The 2River View 24.1 (Fall 2019)
 
 

Yiskah Rosenfeld

Love Poem on the Morning after Atonement

If not you, then at least
the ladders of light angling through your morning windows
voices still sleepwalking on the windowsills

at least the tall tilt of mirror
where liquid angels run up and down
the one place that you and I are both

at least myself as you could never see me
pregnant angel of your dreams
filtering through the rooms like the coffee and the light

If not you, then that angel’s wing
rising to its elbow-perfect fold
and falling
  

Seventh Day in the Valley

Blue jays exchanged mating calls
hopping and swooping around me on the deck

raucous rattle and sweet kuet kuet kuet,
then flying branch to branch to start their nest.

Yellow roses made their final bows
scattered patterned petals

in a path to the kitchen.
There I made a careful pot of tea.

The mountain was jagged in places,
soft in others, and magnificent.

As the sky darkened, the house
was as quiet as I’d ever known it.

Even the dictionary pressed its words
against flat red leaves in little kisses.
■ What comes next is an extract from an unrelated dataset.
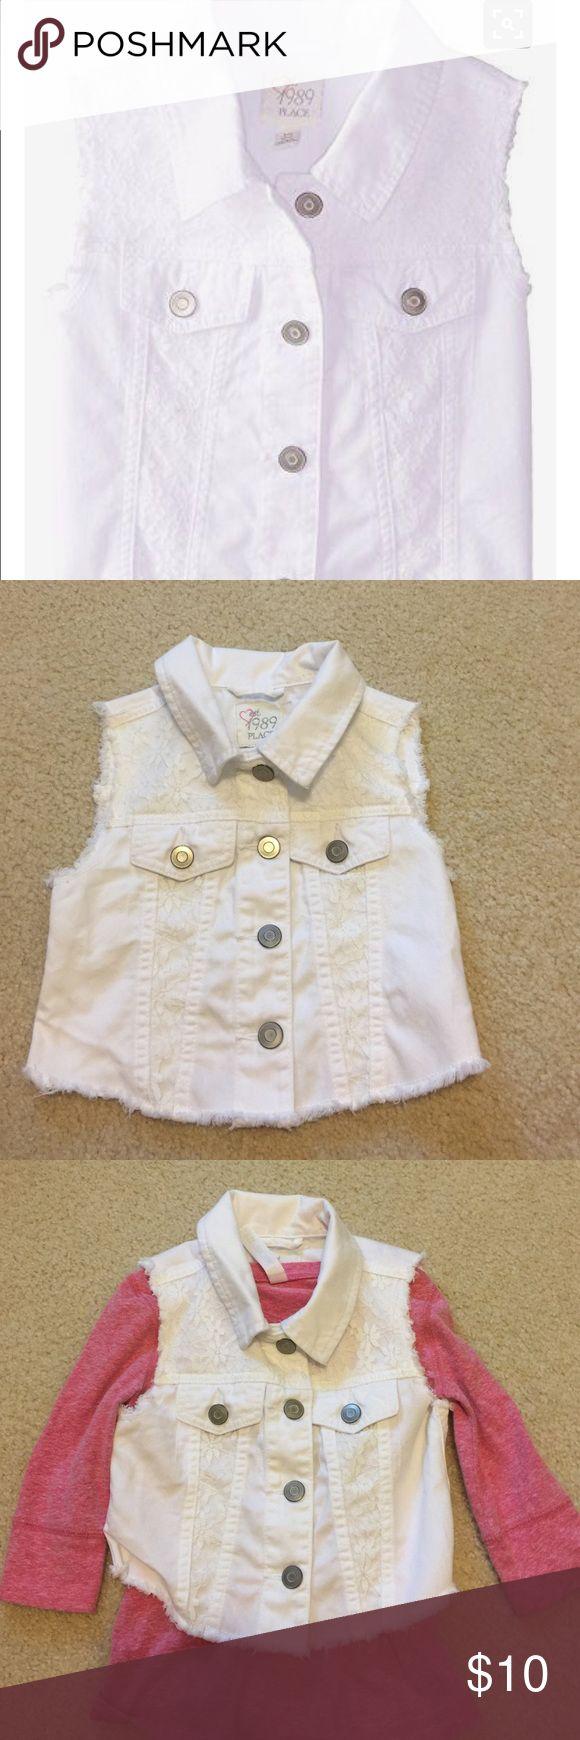 Children's Place white denim vest w/ lace detail. Super cute. EUC. Nonstains or flaws. Size small5/6 Children's Place Jackets & Coats Vests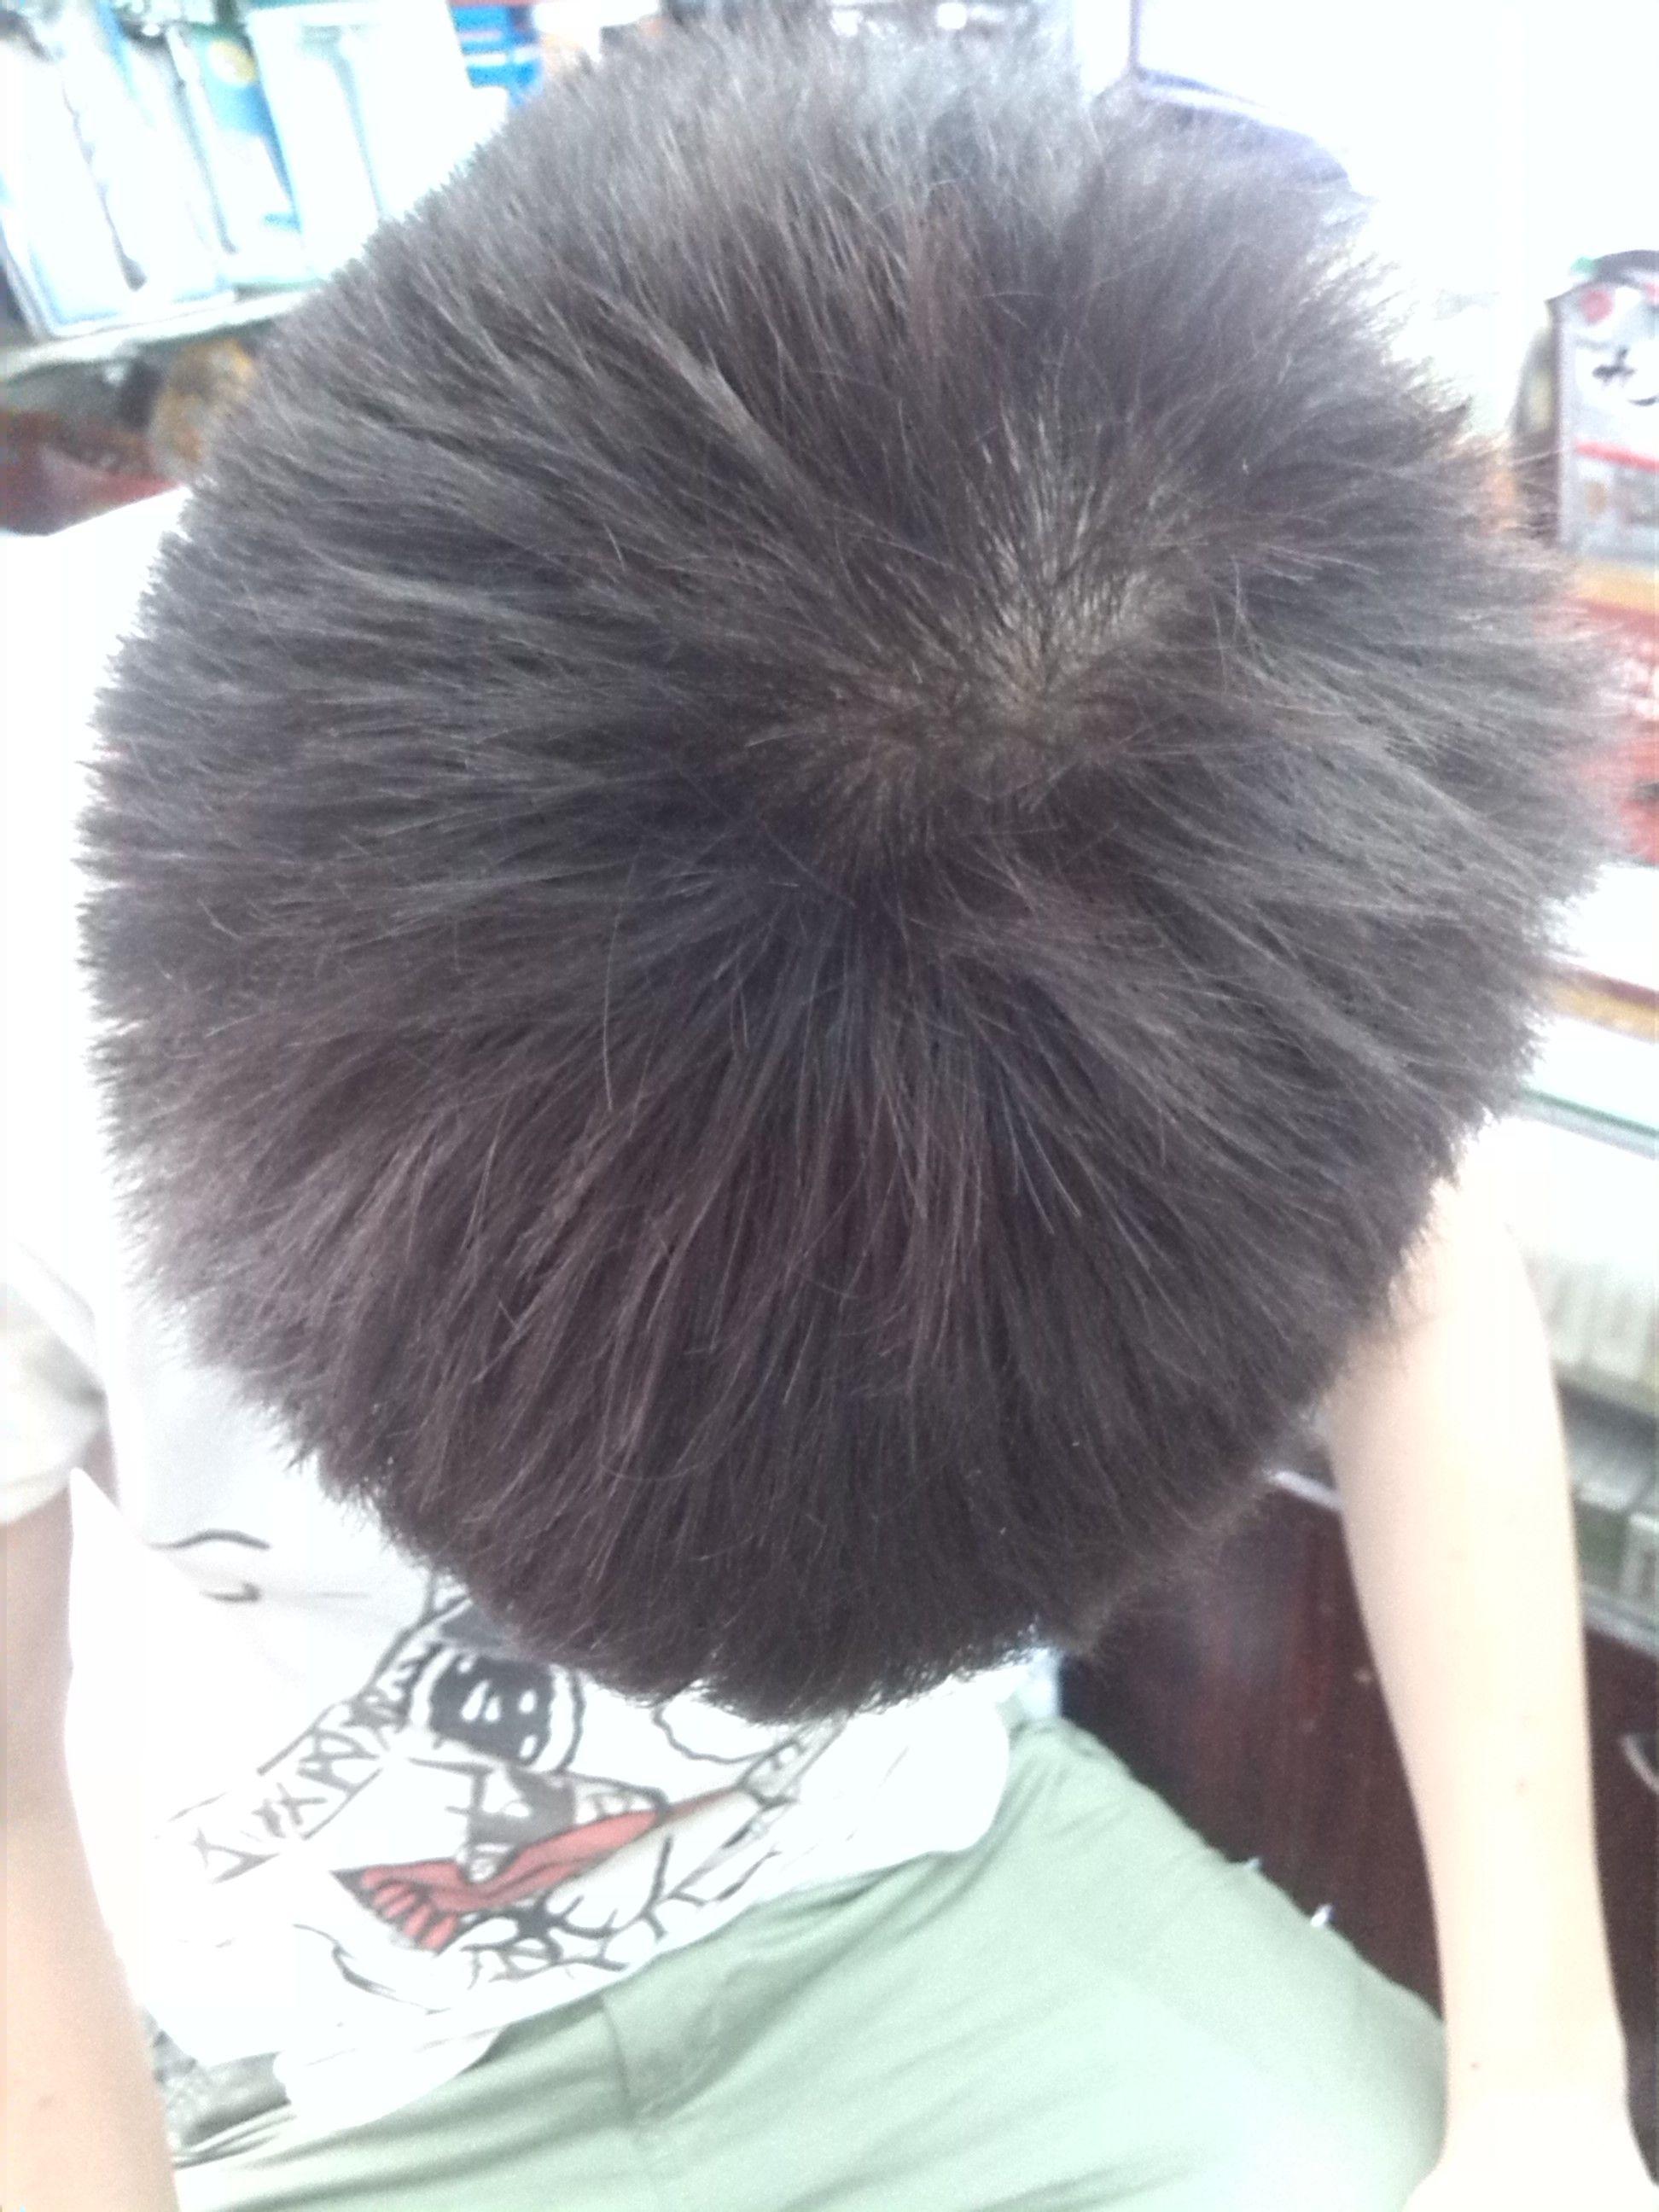 去理发店剪头发,前面厚刘海,可以让后面的头发塌下来吗图片

A coyote crossed the driveway,
then turned to watch. We watched

each other. We watched
a good, long while.

How I knew I had, at last,
grown still.
  

Yiskah Rosenfeld holds an MFA from Mills College. She balances solo parenting and teaching in the San Francisco Bay Area. A Pushcart Prize nominee, she received the Anna Davidson Rosenberg Award and the 2019 Jeff Marks Memorial Honorable Mention Prize through december magazine.